Edit: if you wind up enjoying Blorp, follow !blorp@lemmy.zip for updates. If not, Voyager and Photon are some other great options you should check out
Yeah, stop with that BS and pretend you're a developer and not an emotionally immature grade school student.
In their complaint they mention specific issues, be an adult and identify those for yourself.
If they are problems you can resolve add them to your own to-do list, cause that's what responsible adults do, if they aren't problems you can solve then dismiss the complaint, cause they aren't relevant to you.
You aren't gonna come off like some rock star developer disregarding complaints about bugs in your software by getting defensive and specifically choosing to ignore an issue cause you don't like the person presenting it or the service they are using to do so.
Grow the fuck up!
I think I'll tag you "FOSS Karen". Anyone have a better suggestion?
Thank you, your feedback has been helpful. Clearly I need to implement auto collapsing comments with a negative score. I'm also going to see if I can use PieFed's "attitude" feature to collapse comments from overwhelmingly negative accounts.
If you look at my account history, you will see that I've spend hours responding to my 99.9% polite users. As a mature adult, all I'm asking is you consider how many thankless hours I spend maintaining this free and open source software. Please have some common decency.
A responsible adult would behave themselves and put in an issue on GitHub, not rant on a social media site and expect that to bring change
I don't expect it to bring change, but that wasn't a rant.

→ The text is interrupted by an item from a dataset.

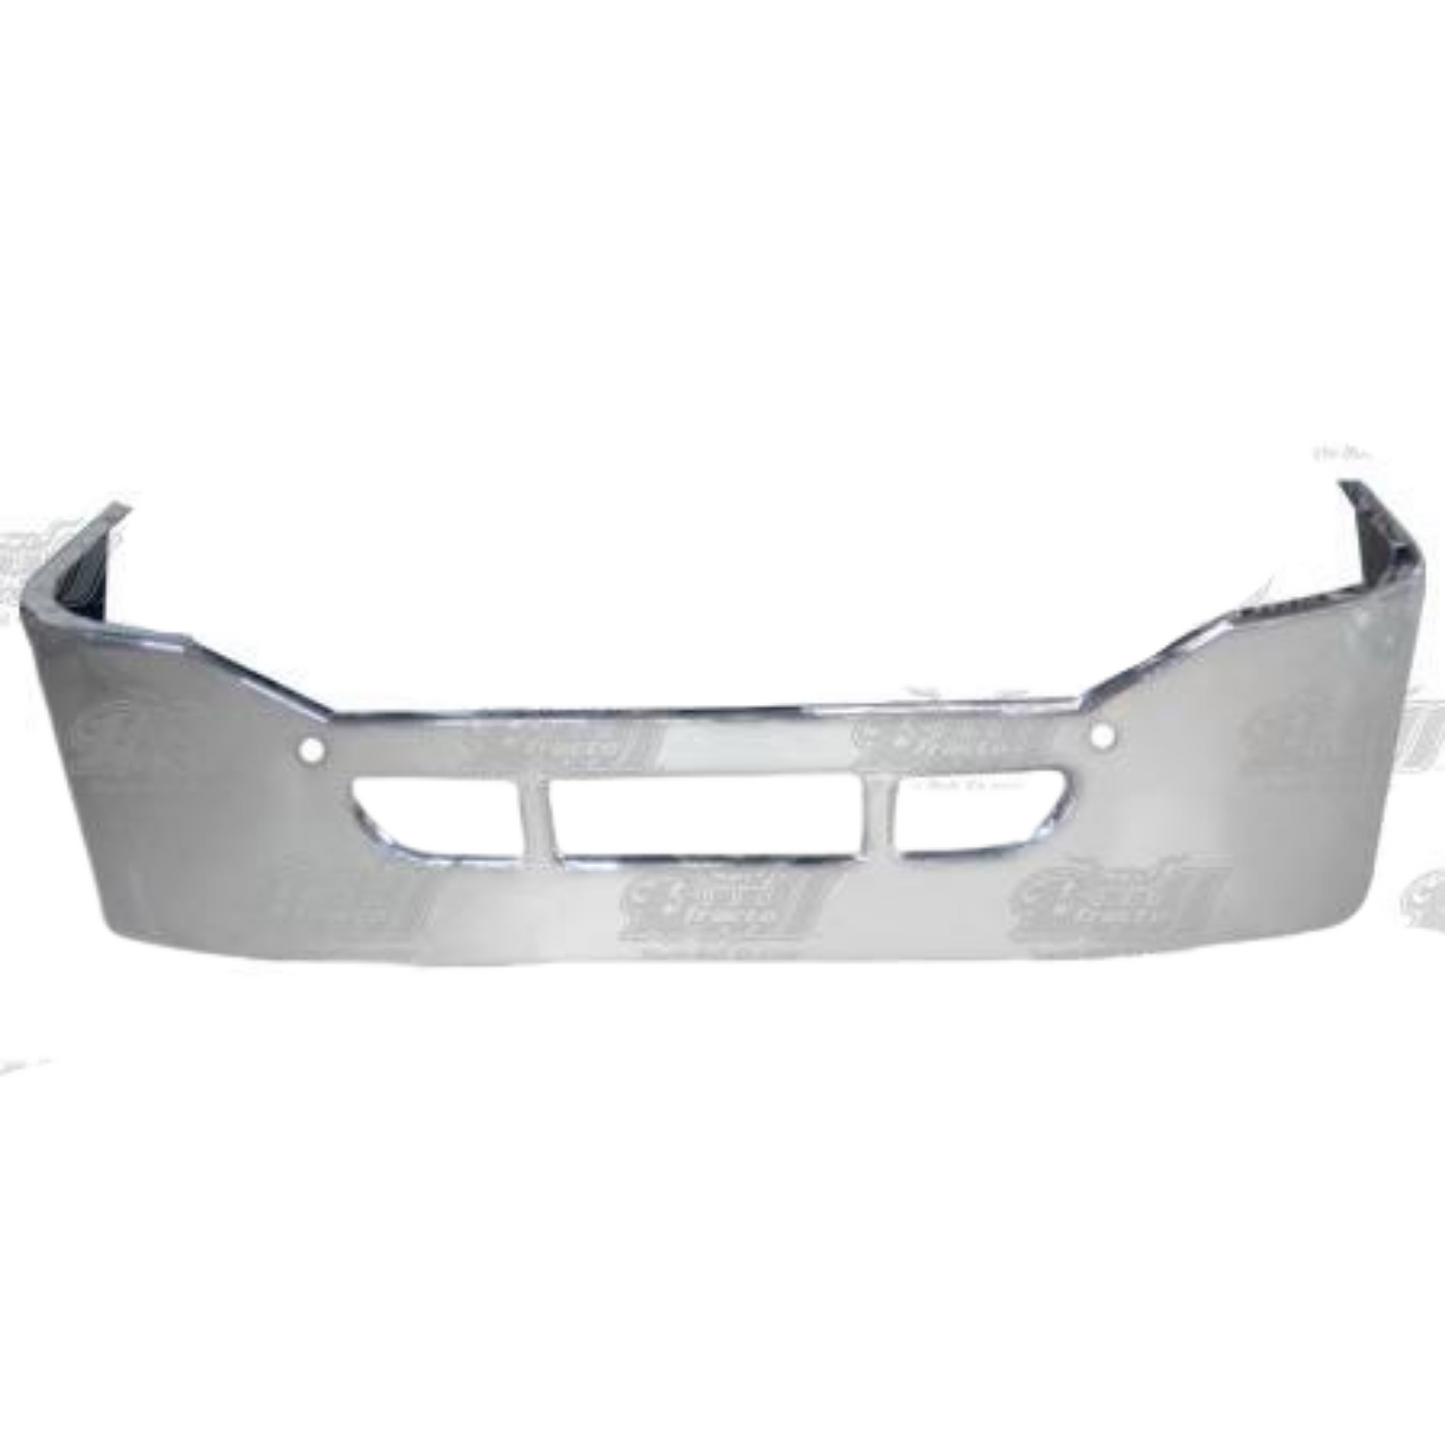 Freightliner Cascadia One Piece Classic Bumper
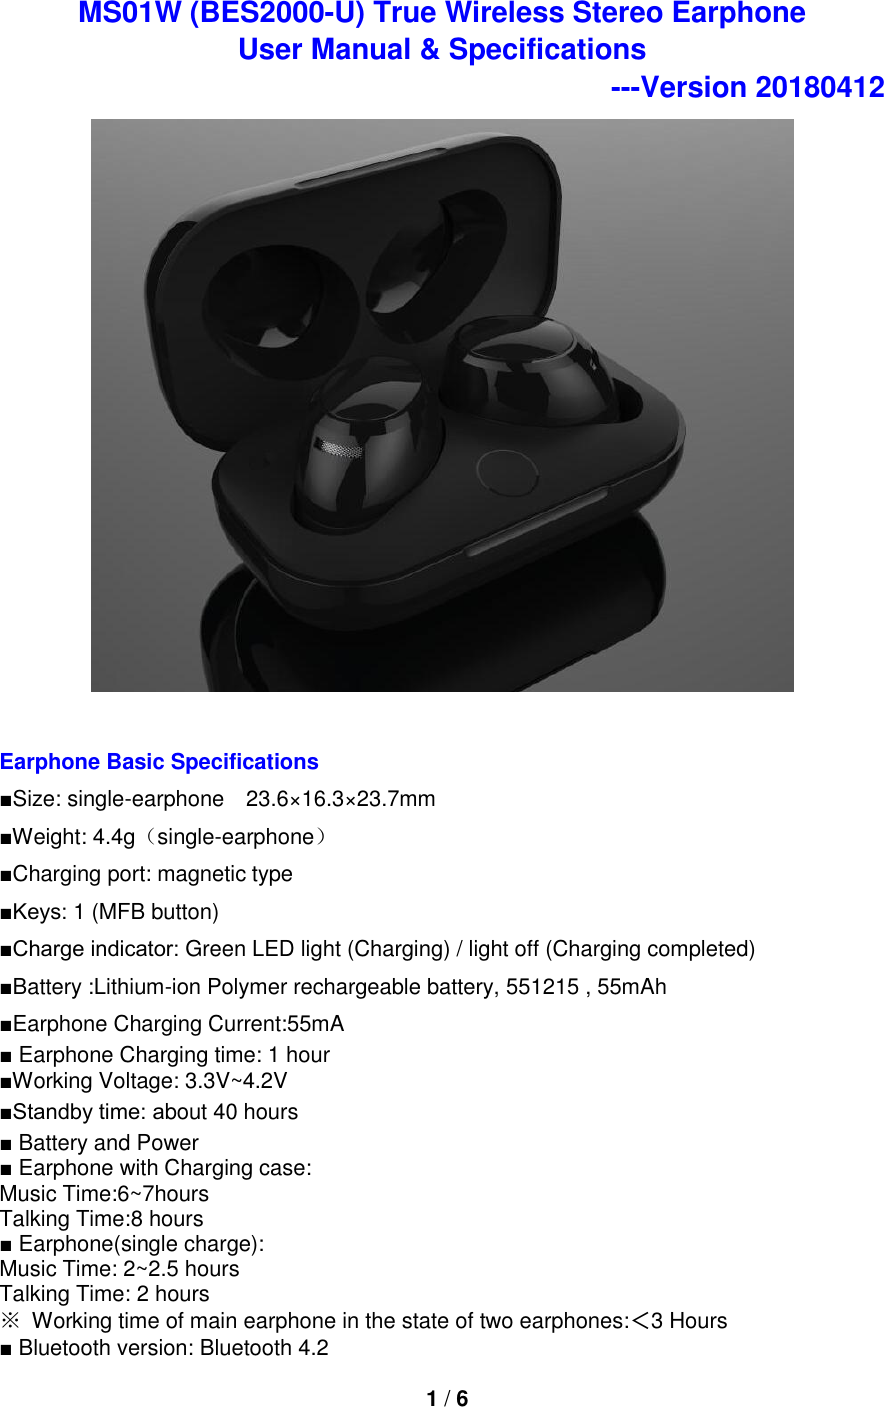  1 / 6  MS01W (BES2000-U) True Wireless Stereo Earphone   User Manual &amp; Specifications   ---Version 20180412   Earphone Basic Specifications ■Size: single-earphone  23.6×16.3×23.7mm ■Weight: 4.4g（single-earphone） ■Charging port: magnetic type   ■Keys: 1 (MFB button) ■Charge indicator: Green LED light (Charging) / light off (Charging completed) ■Battery :Lithium-ion Polymer rechargeable battery, 551215 , 55mAh ■Earphone Charging Current:55mA ■ Earphone Charging time: 1 hour ■Working Voltage: 3.3V~4.2V ■Standby time: about 40 hours ■ Battery and Power ■ Earphone with Charging case:   Music Time:6~7hours Talking Time:8 hours   ■ Earphone(single charge):   Music Time: 2~2.5 hours   Talking Time: 2 hours ※ Working time of main earphone in the state of two earphones:＜3 Hours ■ Bluetooth version: Bluetooth 4.2

Neither was the OP.
And, besides, a responsible developer wouldn't be on 'unpopularopinion' policing the language of the complaints made by their basic apps users either.
So I suppose we're going to remain at this expected impass indefinitely. Because...
I've been in customer service my whole adult life. Every product, whether service, or app, or device, will see mostly complaints as their primary feedback.
It is simply human nature for a person to not mention a thing that works well vs actually act or speak out in response to issues that they encounter.
A lot of the time the customer is going to be frustrated while doing that, and that will be reflected in their tone and language. And that should be expected, and thus allowed.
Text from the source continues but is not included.